It is said that history is written by the winners. For investors who study financial history, they shouldn't fall into the same trap of getting blinded by the story of winners.
Here is an example, a recent Bloomberg column by Barry Ritholz concluded that investors shouldn't get overly concerned by the prospect of war:
That may seem counterintuitive, but if you delve into history, you will discover that markets have more or less found the normal turmoil of geopolitics to be irrelevant. The reasons for this are varied, but consider these factors:
1) Most geopolitical events don't affect corporate revenue and earnings. Even trade restrictions tend to cause consumption to shift as opposed to going way (though there are, of course, some exceptions).
2) Despite the big bold headlines, most of these events are relatively small from a global economic perspective. Take the Russian-Ukraine skirmishes. Ukraine's annual gross domestic product is equal to about two days of U.S. GDP.
3) Markets tend to anticipate large events; by the time news breaks, many key investors have already made adjustments to their holdings. "Buy the rumor, sell the news," is another way of saying the news is already reflected in stock prices.

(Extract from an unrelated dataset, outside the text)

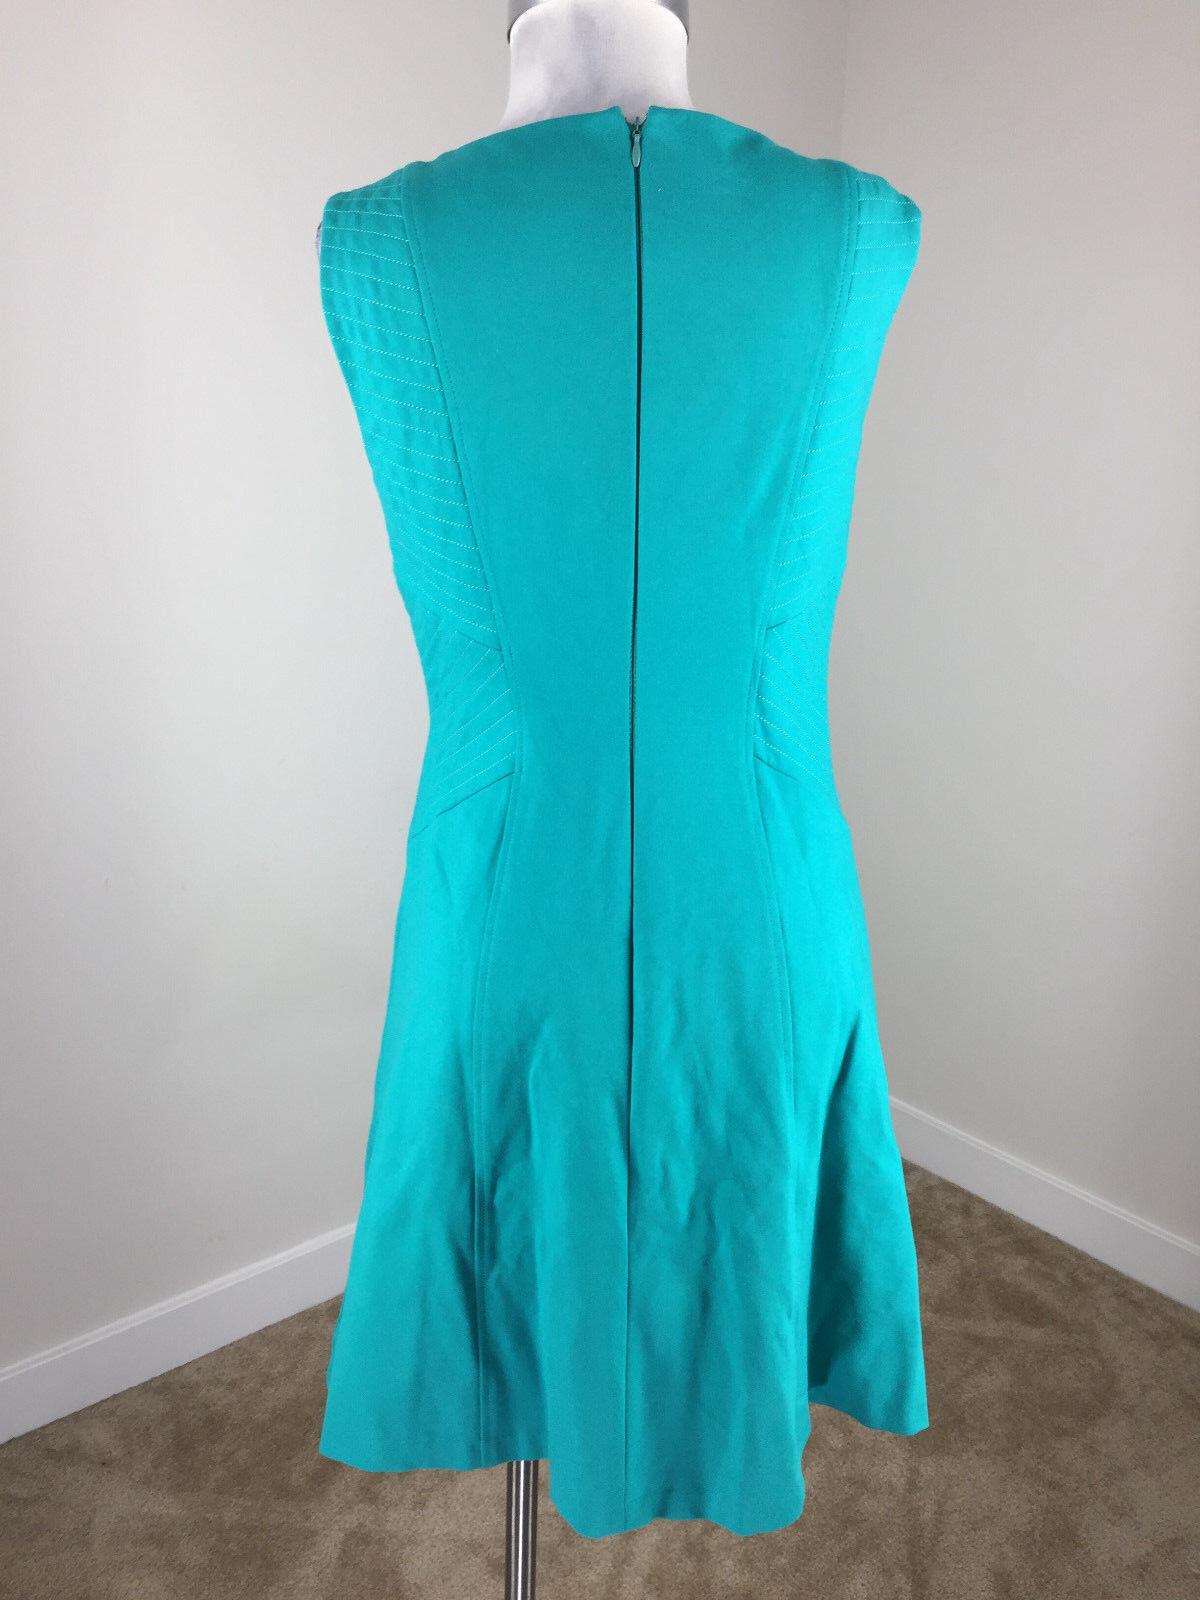 3b4427b5619 ... Antonio Melani S 4 Turquoise Dress Ponte knit sleeveless sleeveless  sleeveless Excellent a5c83a ...
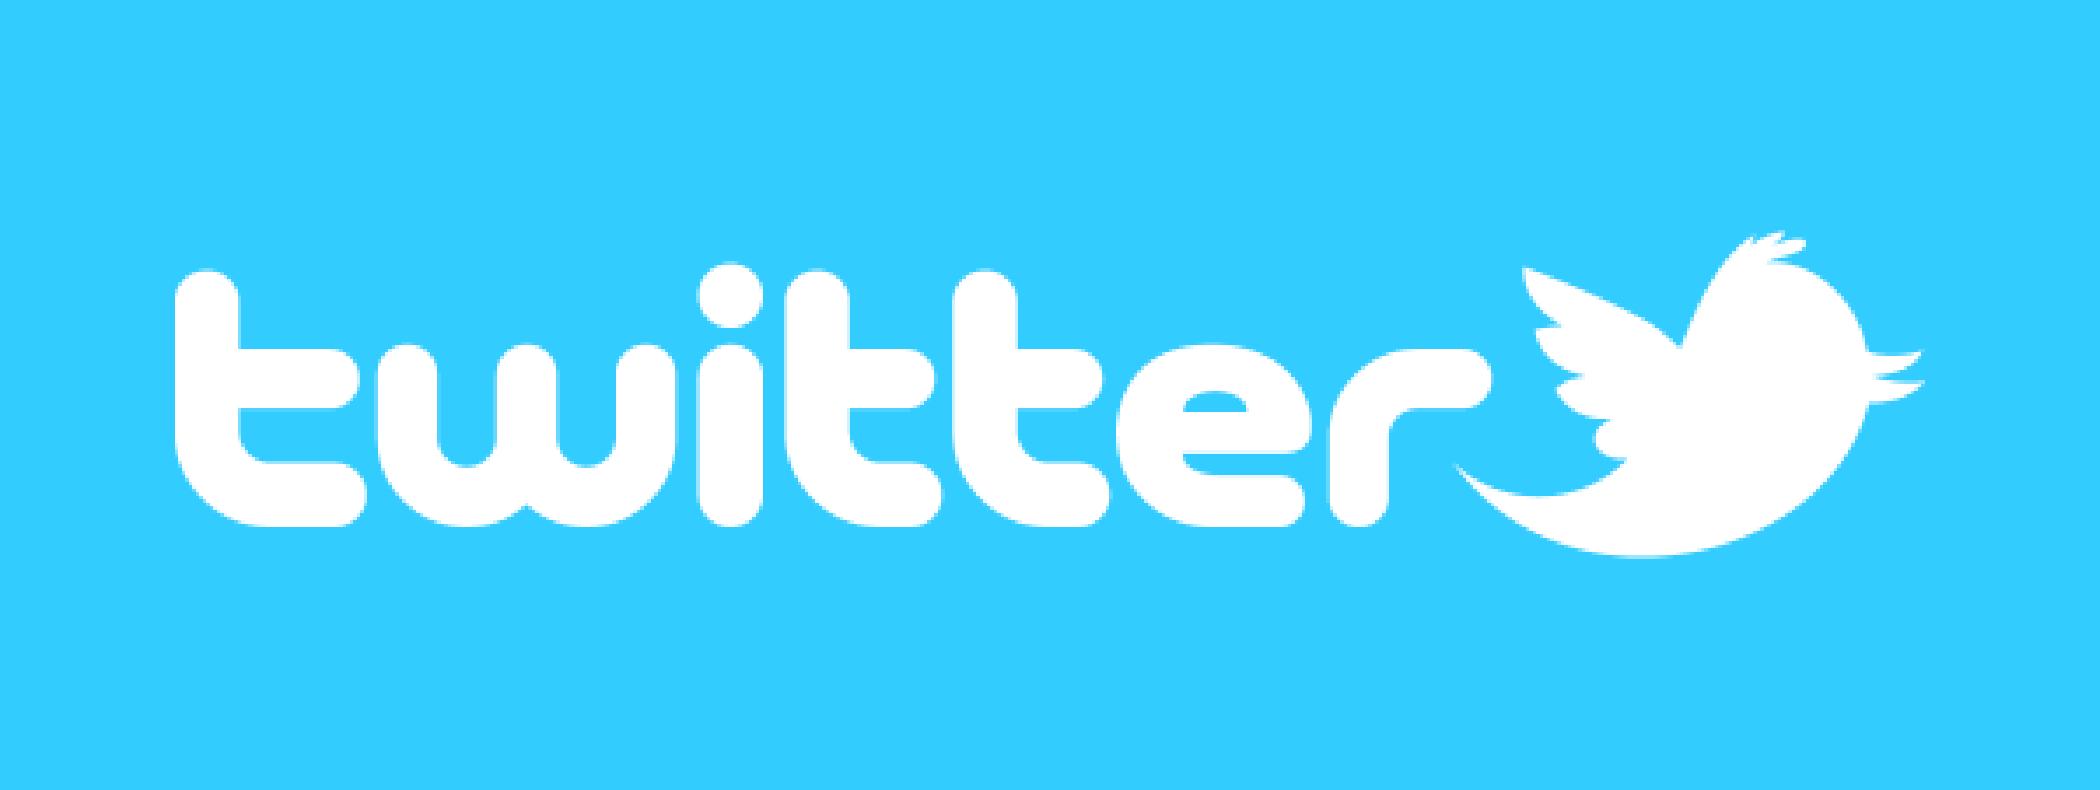 Twitter Wave Analysis – 27 October, 2021

Hence, "Lose the News" is often good advice for longer-term investors.
Barry is correct in his analysis, up to a point. But he makes to mistake of interpreting history from the viewpoint of the winner. From the perspective of an American investor, his analysis holds up well for the last century. To say that wars, or by extension, geopolitics doesn't matter is to fall into the trap of American (financial) exceptionalism. Even the CFA Institute recently published a paper on how geopolitics affect investments. In addition, Barry`s analysis has severe survivorship problems, as I pointed out before (see The One Big Bet made by most buy-and-hold portfolios).
Survivorship bias in the data
Recall that 100 years ago, the global major powers were Britain, France, Germany, Austria-Hungary (remember them?) and Russia. Other smaller powers included Italy, Turkey, Japan, the US, Argentina and Canada, just to name a few. As per data from Credit Suisse, here are the real returns of German stock bond and cash assets since 1900. $1 invested in German equities in 1900 would have netted you $38 on an inflation adjusted basis in 2013 (and there was *ahem* severe volatility in the 1914-18 and 1939-45 period). How would those assumptions work in your rate of return models?
Here is the chart for Japan:
Russian investors did far worse, assuming that they were allowed to live;
The same could be said of Chinese investors:
Now do you understand what I mean by (financial) history being told by the winners and American exceptionalism? Here are the asset returns of some of the winning countries of the First and Second World War. Take, for example, France, whose real equity returns wasn't that different than German ones, though the downside volatility was not as severe:
UK returns did reasonably well, as Britain never had unfriendly foreign troops on its soil:
By contrast, here are the US returns. Notwithstanding the problems faced by losing countries like Japan and Germany, An American equity investor who started with $1 in equities in 1900 ended up with a whopping real $1,248 in 2013, compared to $379 for a British investor, the resident of another winning country.
Survivorship bias and American exceptionalism indeed! The story of finance has mainly been told from the perspective of one of the most successful winners of the past century. The question then becomes, "Is the American perspective the correct one for financial planning?"
Another American perspective
If you don't believe me and still think that America is different from the rest of the world, let's go back a little further in America's past, beyond the 1900 start date of the Credit Suisse study. This tweet from Plan Maestro shows the price performance of Confederate bonds during the 19th Century.
How did the holders of those bonds fare, assuming that they survived the burning of Atlanta in Sherman's march to the sea? Did southerners name their sons Ozymandias?
I met a traveller from an antique land
Who said: "Two vast and trunkless legs of stone
Stand in the desert. Near them on the sand,
Half sunk, a shattered visage lies, whose frown
And wrinkled lip and sneer of cold command
Tell that its sculptor well those passions read
Which yet survive, stamped on these lifeless things,
The hand that mocked them and the heart that fed.
And on the pedestal these words appear:
`My name is Ozymandias, King of Kings:
Look on my works, ye mighty, and despair!'
Nothing beside remains. Round the decay
Of that colossal wreck, boundless and bare,
The lone and level sands stretch far away".
Ask yourself realistically, "How would war affect my portfolio if I were in the shoes of any of those unfortunate souls who happened to be on the losing side?"
Disclaimer: The opinions and any recommendations expressed in this blog are solely those of the author. None of the information or opinions expressed in this blog constitutes a solicitation for the purchase or sale of any security or other instrument. Nothing in this article constitutes investment advice and any recommendations that may be contained herein have not been based upon a consideration of the investment objectives, financial situation or particular needs of any specific recipient. Any purchase or sale activity in any securities or other instrument should be based upon your own analysis and conclusions. Past performance is not indicative of future results. Mr. Hui may hold or control long or short positions in the securities or instruments mentioned.